(DATA EXTRACTS Opens)
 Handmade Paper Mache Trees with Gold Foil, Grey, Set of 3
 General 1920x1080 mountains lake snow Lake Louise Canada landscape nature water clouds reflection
(DATA EXTRACTS Closes)
(DATA EXTRACTS Opens)
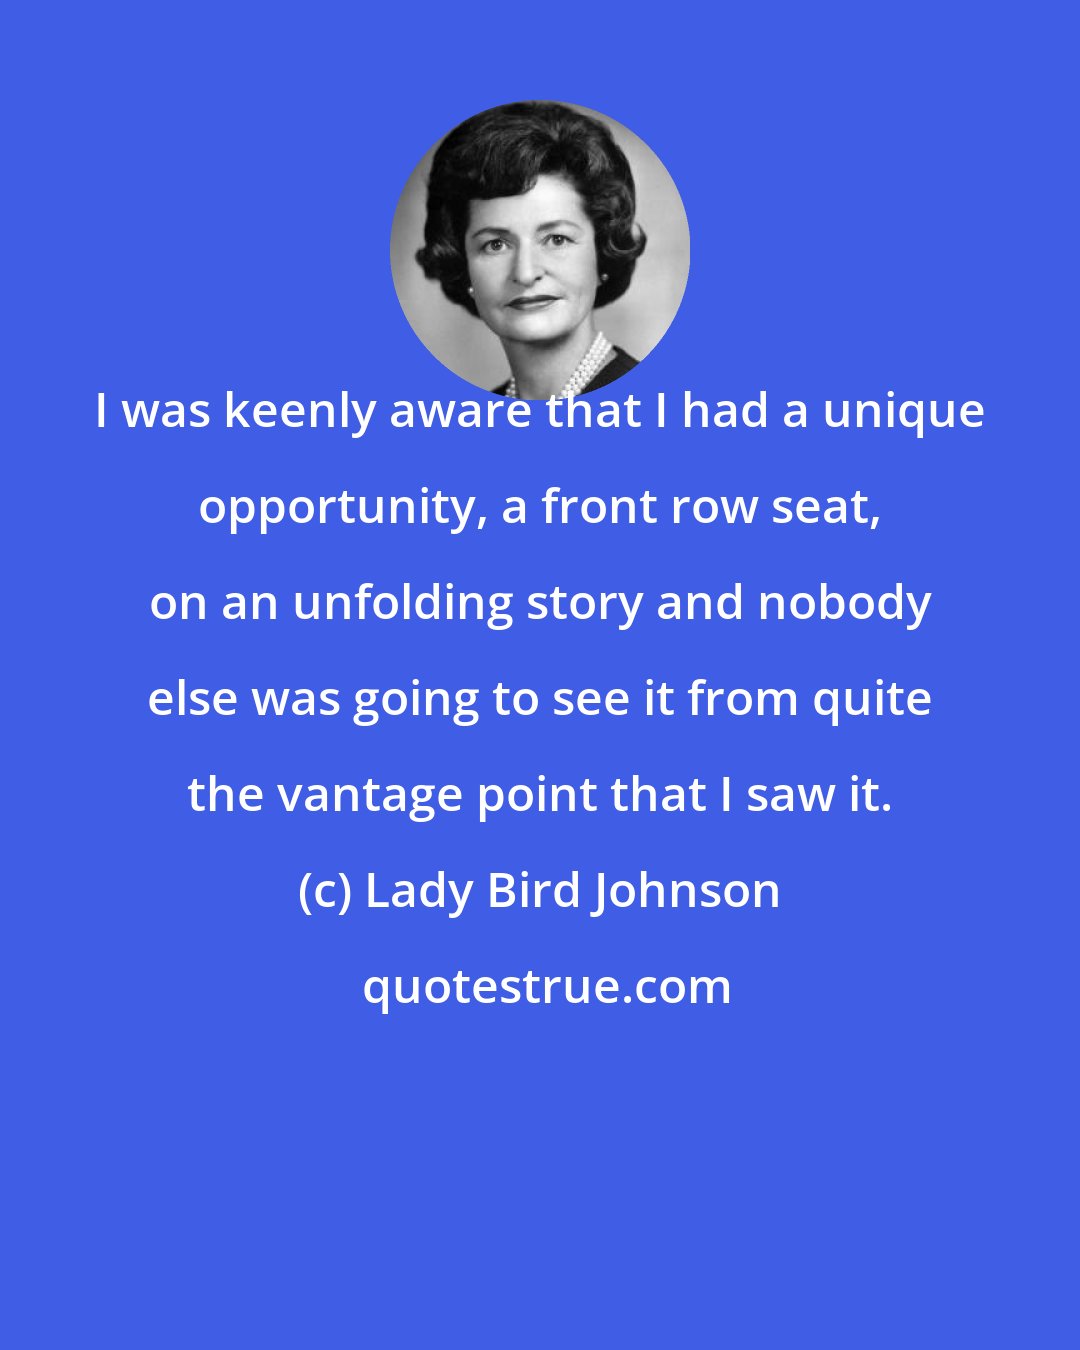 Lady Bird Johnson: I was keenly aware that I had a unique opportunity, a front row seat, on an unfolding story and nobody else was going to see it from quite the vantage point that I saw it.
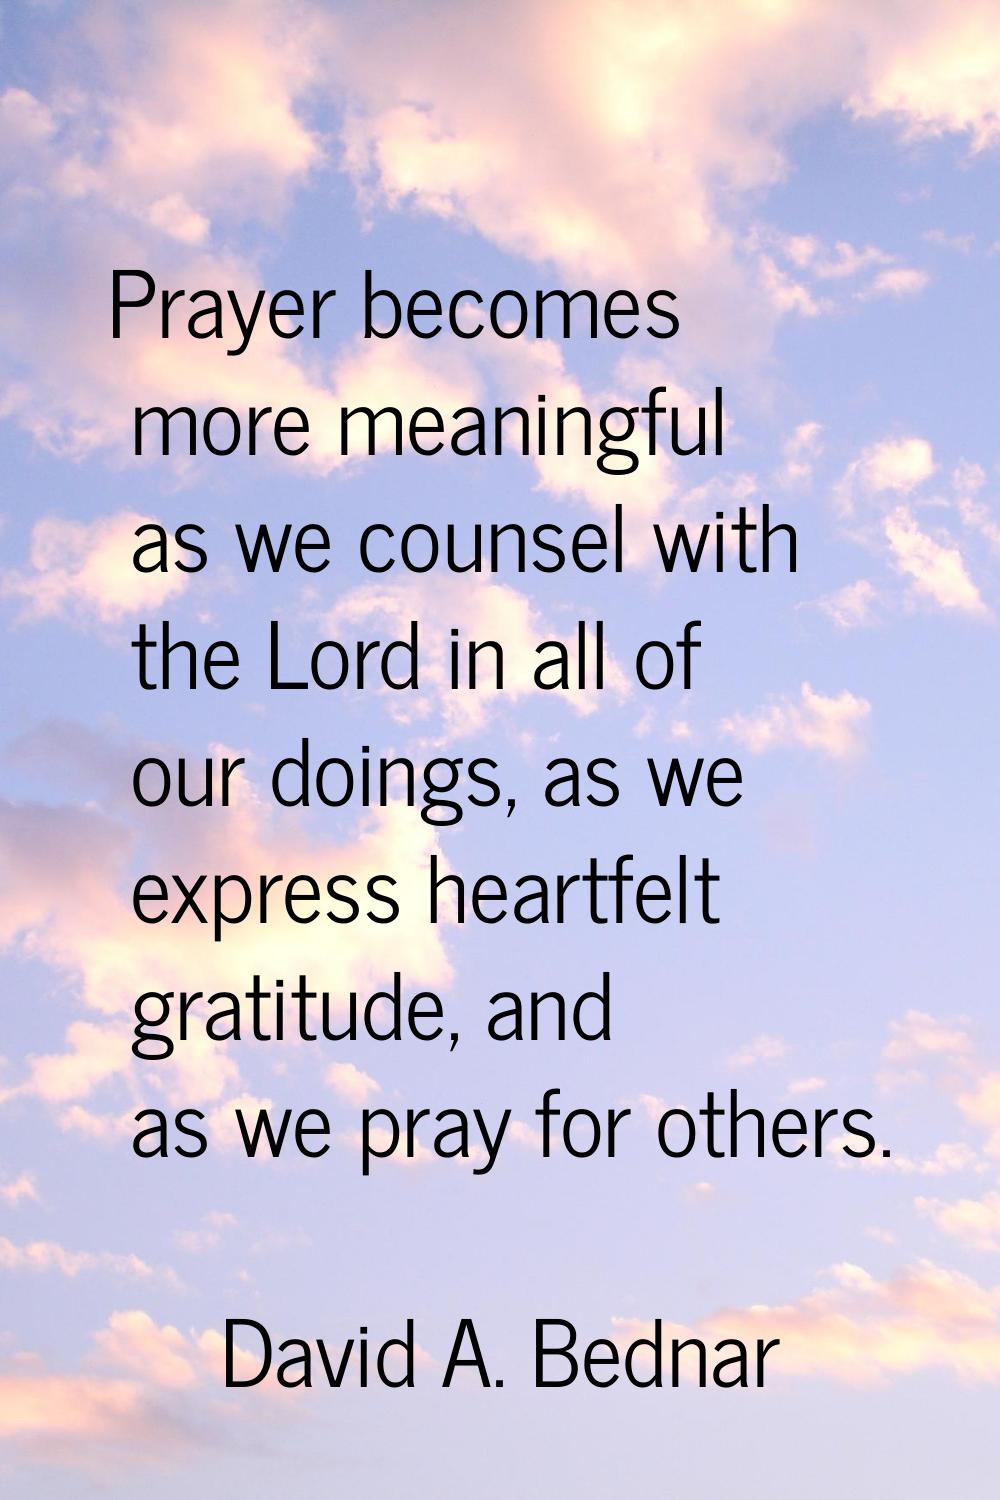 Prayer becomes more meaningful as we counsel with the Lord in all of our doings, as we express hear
(DATA EXTRACTS Closes)
- WHAT IS EXPECTED
Using the listing above, copy exactly the line that contains "Handmade Paper", the line that contains "General 1920x1080 mountains", and each line that falls between them.

- TASK OUTPUT
 Handmade Paper Mache Trees with Gold Foil, Grey, Set of 3
 General 1920x1080 mountains lake snow Lake Louise Canada landscape nature water clouds reflection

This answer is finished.